Introduction
FromThePage is a web platform specialized for crowdsourced transcription of historical documents. It enables efficient management of the process of converting handwritten manuscripts and printed materials into text data with the help of volunteers.
Adopted by libraries, museums, and archives worldwide—including the Library of Congress and the Smithsonian Institution—FromThePage has become a core tool for document digitization in Digital Humanities (DH).
Key Features of FromThePage
Crowdsourced Transcription
The defining feature of FromThePage is the ability to conduct large-scale transcription projects through crowdsourcing.
- Transcription Workflow: Staged workflow of transcription, review, and approval
- Rich Text Editor: Support for Markdown and Wiki markup
- Version Control: Complete edit history retention
- Volunteer Management: Contribution tracking, badge system
IIIF Support
FromThePage fully supports IIIF (International Image Interoperability Framework).
# Example IIIF manifest import
https://example.org/iiif/manifest/12345
- IIIF Manifest Import: Directly import images from external IIIF-compatible repositories
- Mirador Integration: Seamless integration with the Mirador IIIF image viewer
- IIIF Content Search API: Publish transcribed text via IIIF Search API
- IIIF Manifest Export: Output manifests containing transcribed text
Structured Data Input
Beyond simple transcription, FromThePage supports structured data entry.
| Feature | Description |
|---|---|
| Field-based Transcription | Collect structured data with custom forms |
| Metadata Entry | Record document metadata by field |
| Spreadsheet Transcription | Specialized for tabular data transcription |
| Markup Transcription | Transcription with TEI-XML and other markup |
OCR Integration
In addition to manual transcription, FromThePage includes OCR (Optical Character Recognition) integration.

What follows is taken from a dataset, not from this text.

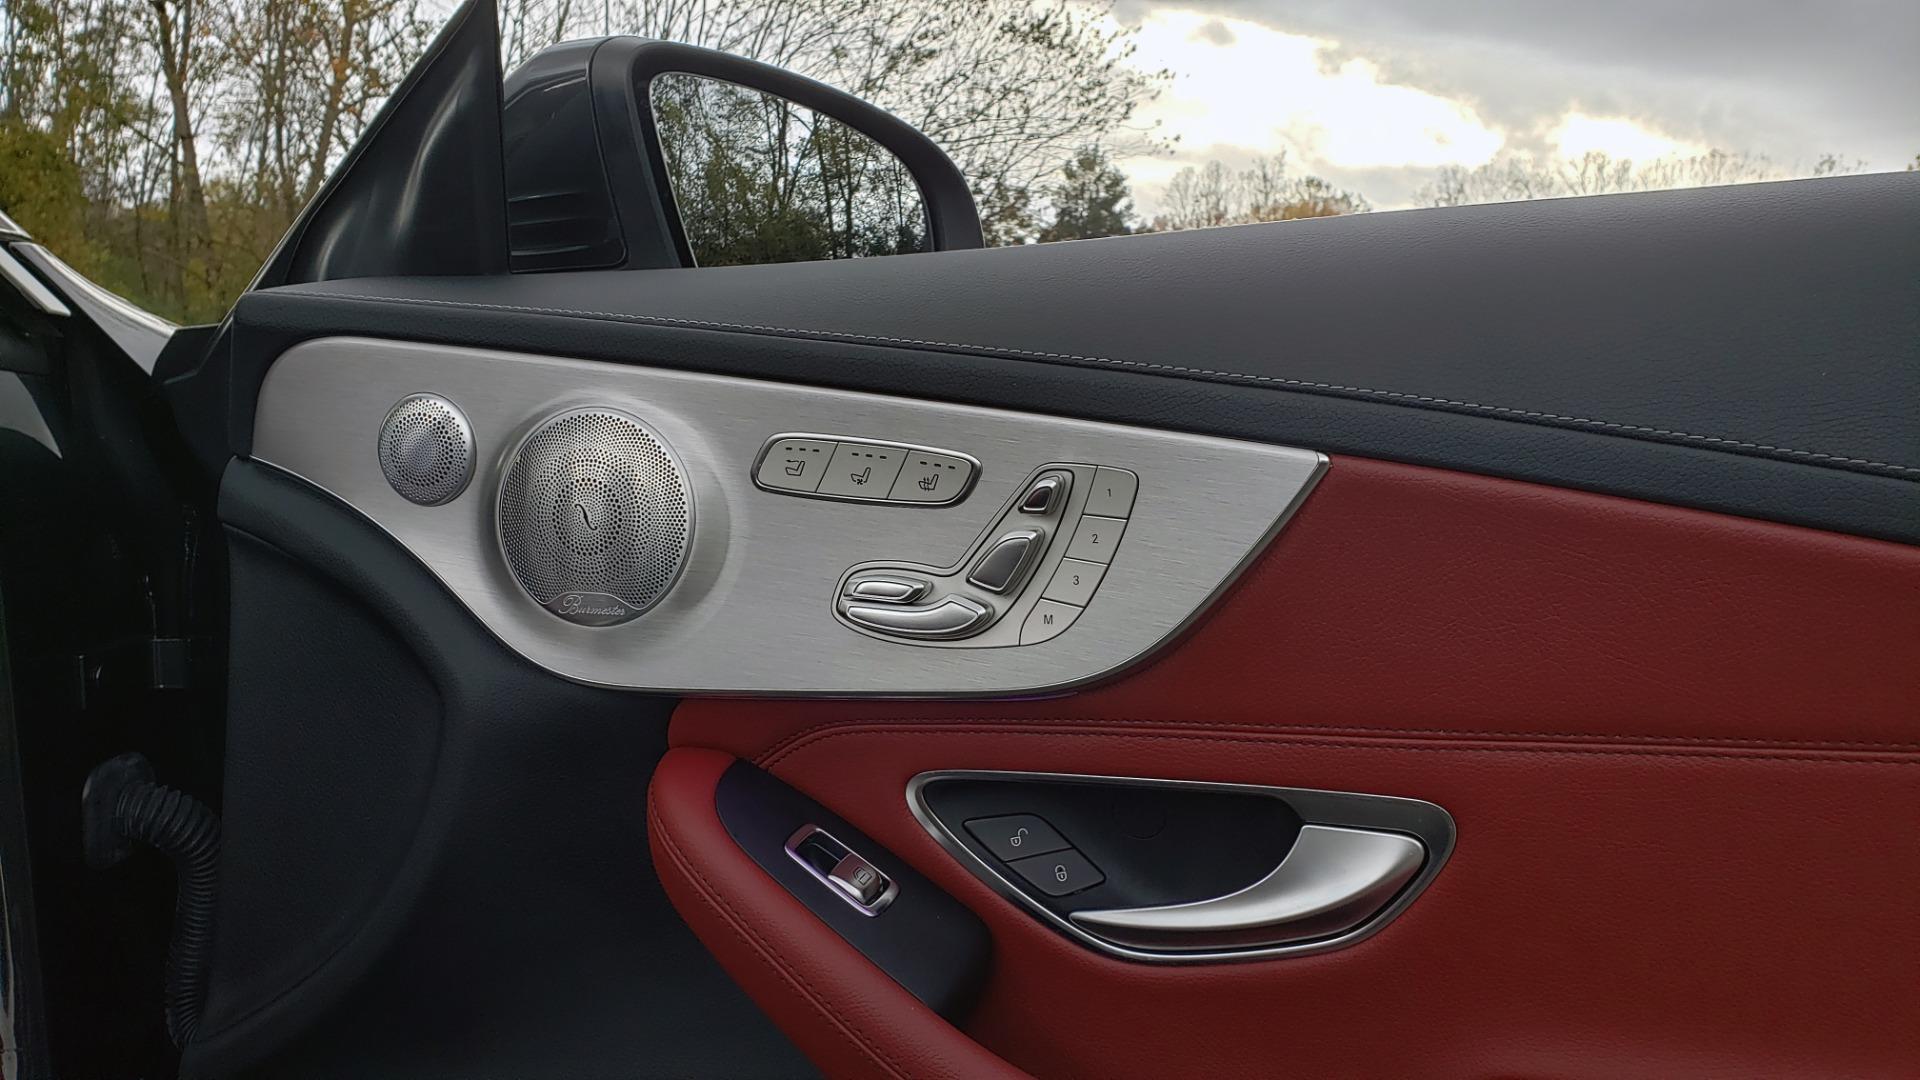 Used 2019 Mercedes-Benz C-CLASS C 300 CABRIOLET / PREM PKG / NAV / BURMESTER / MULTIMEDIA for sale Sold at Formula Imports in Charlotte NC 28227 77

- OCR Pre-processing: Use OCR output as initial text for transcription
- OCR Correction Workflow: Volunteers correct OCR results
- HTR Support: Integration with Handwritten Text Recognition
Adoption Examples
Library of Congress
The Library of Congress uses FromThePage for its By the People (formerly Transcribe) project, where volunteers transcribe tens of thousands of historical documents including presidential letters, Civil War records, and women’s suffrage movement documents.
Smithsonian Institution
The Smithsonian Transcription Center runs museum collection transcription projects powered by FromThePage. Natural history specimen labels, diaries, and field notes are among the materials being transcribed.
Other Institutions
- Huntington Library: Medieval manuscript transcription
- Texas State Library: Historical legal document transcription
- Various university libraries: Special collections digitization
Technical Features
Export Formats
Transcription results can be exported in various formats.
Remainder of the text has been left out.